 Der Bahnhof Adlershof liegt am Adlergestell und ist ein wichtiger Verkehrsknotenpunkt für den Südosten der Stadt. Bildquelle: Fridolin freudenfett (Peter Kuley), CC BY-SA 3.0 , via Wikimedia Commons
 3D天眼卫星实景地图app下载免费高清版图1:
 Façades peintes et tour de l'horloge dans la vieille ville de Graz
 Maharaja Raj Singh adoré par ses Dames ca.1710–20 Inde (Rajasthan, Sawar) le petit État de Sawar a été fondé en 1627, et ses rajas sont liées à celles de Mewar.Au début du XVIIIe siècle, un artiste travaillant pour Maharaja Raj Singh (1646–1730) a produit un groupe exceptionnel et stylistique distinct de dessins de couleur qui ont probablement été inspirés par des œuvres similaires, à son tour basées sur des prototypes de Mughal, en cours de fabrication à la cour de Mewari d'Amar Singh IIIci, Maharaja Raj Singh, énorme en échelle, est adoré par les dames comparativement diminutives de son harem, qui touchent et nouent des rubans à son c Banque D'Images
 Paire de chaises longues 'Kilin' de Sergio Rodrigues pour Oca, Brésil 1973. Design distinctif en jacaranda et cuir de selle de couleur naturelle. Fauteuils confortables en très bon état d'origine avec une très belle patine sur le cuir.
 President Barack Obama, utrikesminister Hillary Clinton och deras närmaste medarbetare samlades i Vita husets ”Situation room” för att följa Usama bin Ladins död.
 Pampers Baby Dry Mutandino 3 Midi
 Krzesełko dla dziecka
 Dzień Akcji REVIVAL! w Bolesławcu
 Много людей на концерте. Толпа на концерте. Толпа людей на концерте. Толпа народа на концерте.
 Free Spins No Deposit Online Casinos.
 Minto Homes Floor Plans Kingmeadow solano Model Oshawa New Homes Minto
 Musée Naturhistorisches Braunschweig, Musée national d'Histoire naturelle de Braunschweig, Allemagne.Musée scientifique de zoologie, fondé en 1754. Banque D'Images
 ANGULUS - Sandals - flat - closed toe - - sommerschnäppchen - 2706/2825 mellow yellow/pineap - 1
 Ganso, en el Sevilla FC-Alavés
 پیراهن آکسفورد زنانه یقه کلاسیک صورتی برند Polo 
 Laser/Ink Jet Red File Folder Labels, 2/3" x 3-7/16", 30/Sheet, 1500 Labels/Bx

WHAT NEEDS TO BE DONE:
Copy exactly the lines from the top of the entries through the line with "Paire de chaises" in it, please, keeping both ends and adding nothing.

RESULT FOR THIS EXERCISE:
 Der Bahnhof Adlershof liegt am Adlergestell und ist ein wichtiger Verkehrsknotenpunkt für den Südosten der Stadt. Bildquelle: Fridolin freudenfett (Peter Kuley), CC BY-SA 3.0 , via Wikimedia Commons
 3D天眼卫星实景地图app下载免费高清版图1:
 Façades peintes et tour de l'horloge dans la vieille ville de Graz
 Maharaja Raj Singh adoré par ses Dames ca.1710–20 Inde (Rajasthan, Sawar) le petit État de Sawar a été fondé en 1627, et ses rajas sont liées à celles de Mewar.Au début du XVIIIe siècle, un artiste travaillant pour Maharaja Raj Singh (1646–1730) a produit un groupe exceptionnel et stylistique distinct de dessins de couleur qui ont probablement été inspirés par des œuvres similaires, à son tour basées sur des prototypes de Mughal, en cours de fabrication à la cour de Mewari d'Amar Singh IIIci, Maharaja Raj Singh, énorme en échelle, est adoré par les dames comparativement diminutives de son harem, qui touchent et nouent des rubans à son c Banque D'Images
 Paire de chaises longues 'Kilin' de Sergio Rodrigues pour Oca, Brésil 1973. Design distinctif en jacaranda et cuir de selle de couleur naturelle. Fauteuils confortables en très bon état d'origine avec une très belle patine sur le cuir.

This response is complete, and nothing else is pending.